Berkatain dengan wong cilik, tentu saja yang dikisahkan adalah perihal penderitaannya yang demikian pedih, seperti kelaparan di tengah pekerjaan berat yang harus dituntaskan, keracunan singkong, mayat yang tak terurus, hingga kehamilan seorang perempuan tanpa suami yang membuat heboh kampung.


Namun, ada pula cerita yang sedikit di luar nalar seperti beberapa cerpen Gus Mus di atas. Cerpen karya Ahmad Tohari yang demikian itu berjudul Pengemis dan Shalawat Badar. Cerpen ini mengisahkan seorang pengemis yang meminta-minta di bus sembari melantunkan Shalawat Badar. Ia sempat diusir oleh kondektur saat bus telah melaju kencang, sebelum ia keluar sembari tetap dengan melantunkan shalawat yang sama.


3. Robohnya Surau Kami

Berbeda dari dua buku di atas, kumpulan cerpen ini mengisahkan cerita tentang orang-orang yang haus pengakuan, baik dari sisi agama maupun sosial. Dari sisi agama, cerita Ajo Sidi dalam Robohnya Surau Kami seolah membutuhkan pengakuan bahwa dirinya menahbiskan diri untuk mengabdi kepada Tuhan dengan aktif beribadah di surau, tetapi di sisi lain, ia sendiri melupakan keluarganya. Menariknya, cerpen tersebut menampilkan dialog imajiner di alam akhirat.
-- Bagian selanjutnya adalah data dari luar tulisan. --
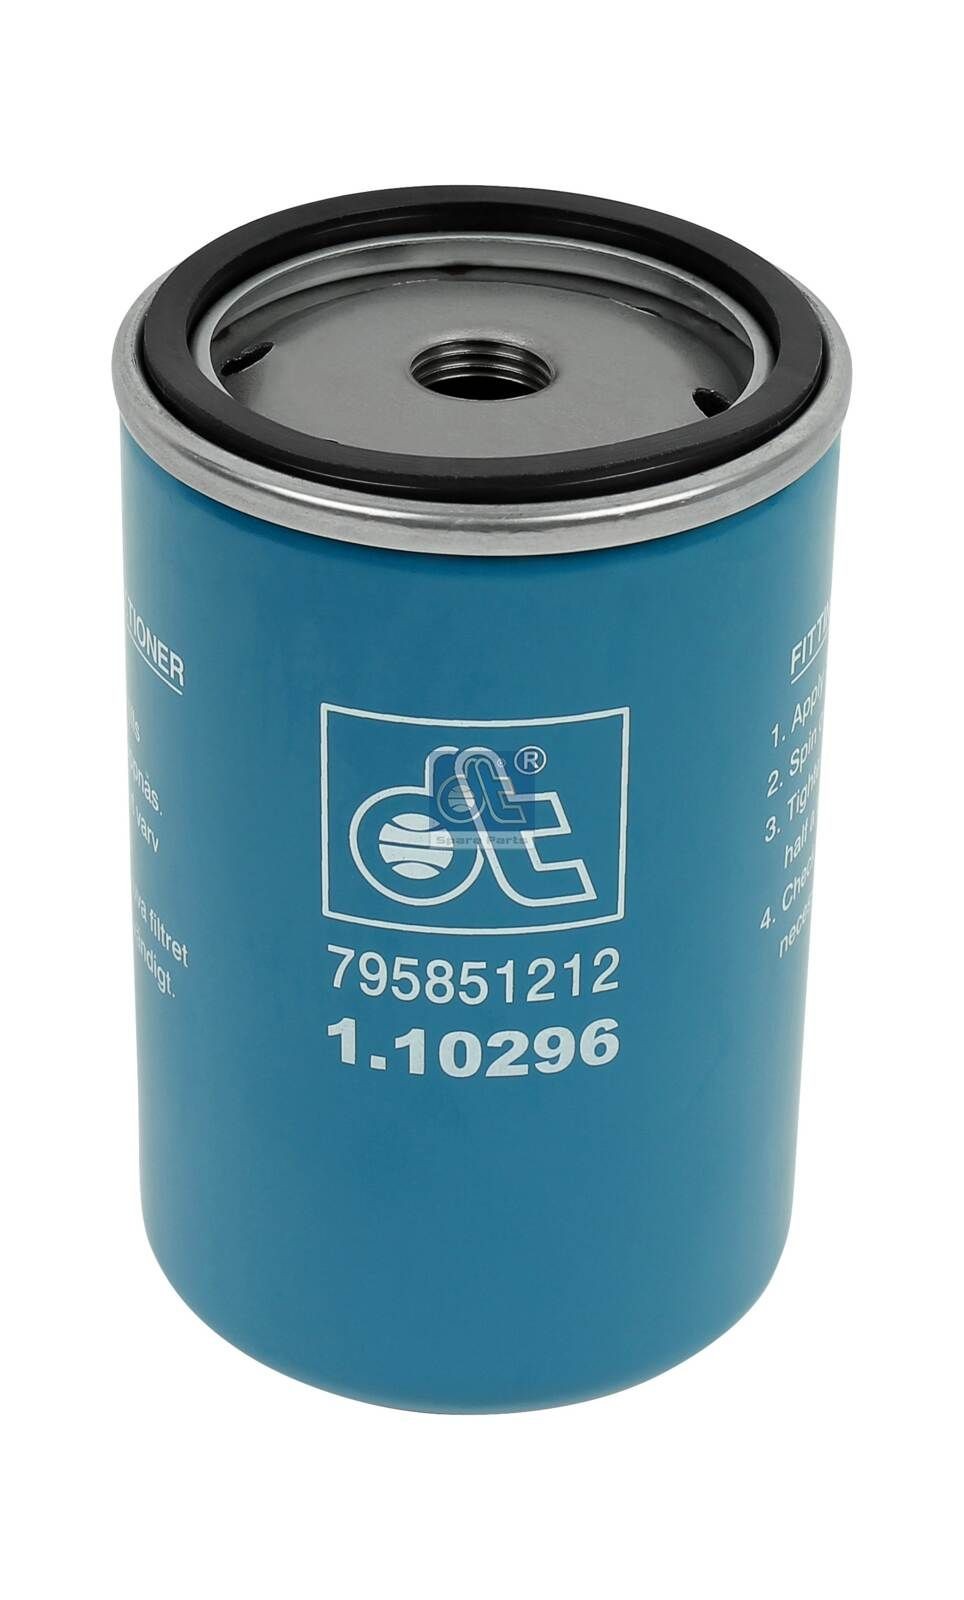 WK 723/1 DT Spare Parts 1.10296 Fuel filter 0 116 0243

Ada pula yang haus pengakuan di ranah sosial seperti yang ditunjukkan dalam cerpen Anak Kebanggaan. Anak yang dibangga-banggakan itu tidak pula mengabarkan berita kelulusannya sebagai dokter. Bahkan surat-surat yang dikirimi ayahnya kembali ke pengirimnya, tak sampai ke putranya itu.


Kisah-kisah cerpen tersebut menarik benang merah mengenai perlunya manusia hidup dengan manusia lainnya. Membaca cerpen-cerpen tersebut akan menumbuhkan jiwa dan semangat hidup kita sebagai makhluk sosial yang perlu untuk berinteraksi dengan manusia lainnya, tidak sibuk hanya memikirkan dunianya sendiri.


Buku ini memuat 10 cerpen karya Ali Akbar Navis, seorang sastrawan kenamaan asal Sumatra Barat. Kumpulan cerpennya ini terbit pertama kali pada tahun 1986.


4. Panggilan Rasul

Buku ini merupakan karya Hamsad Rangkuti. Berbeda dengan kumpulan cerpen lainnya, buku Hamsad yang ini banyak berkisah mengenai cerita-cerita yang berkaitan dengan peristiwa agama, seperti lebaran, khitan, mengaji, hingga lailatul qadar.


Berkaitan dengan lebaran, ada empat cerpen, yaitu Salam Lebaran, Malam Takbir, Hujan dan Gema Takbir, dan Reuni. Tentang malam lailatul qadar, ada dua cerpen, yakni Lailatul Qadar dan Malam Seribu Bulan. Ada juga yang berkisah tentang pengajian, yaitu Ayahku Seorang Guru Mengaji. Sementara yang bercerita tentang khitan adalah Panggilan Rasul.


Cerpen-cerpen tersebut mengisahkan berbagai ironi yang muncul di tengah masyarakat di waktu-waktu yang harusnya penuh sambutan gegap gempita. Hal demikian memberikan pembelajaran yang berarti bagi pembaca, khususnya dalam bersyukur dan bersabar.


Buku-buku kumpulan cerpen itu, kecuali Robohnya Surau Kami, bisa dibaca melalui aplikasi iPusnas, yaitu aplikasi digital milik Perpustakaan Nasional. Melalui aplikasi itu, kita bisa membaca berbagai macam buku yang tersedia secara digital dan gratis akses.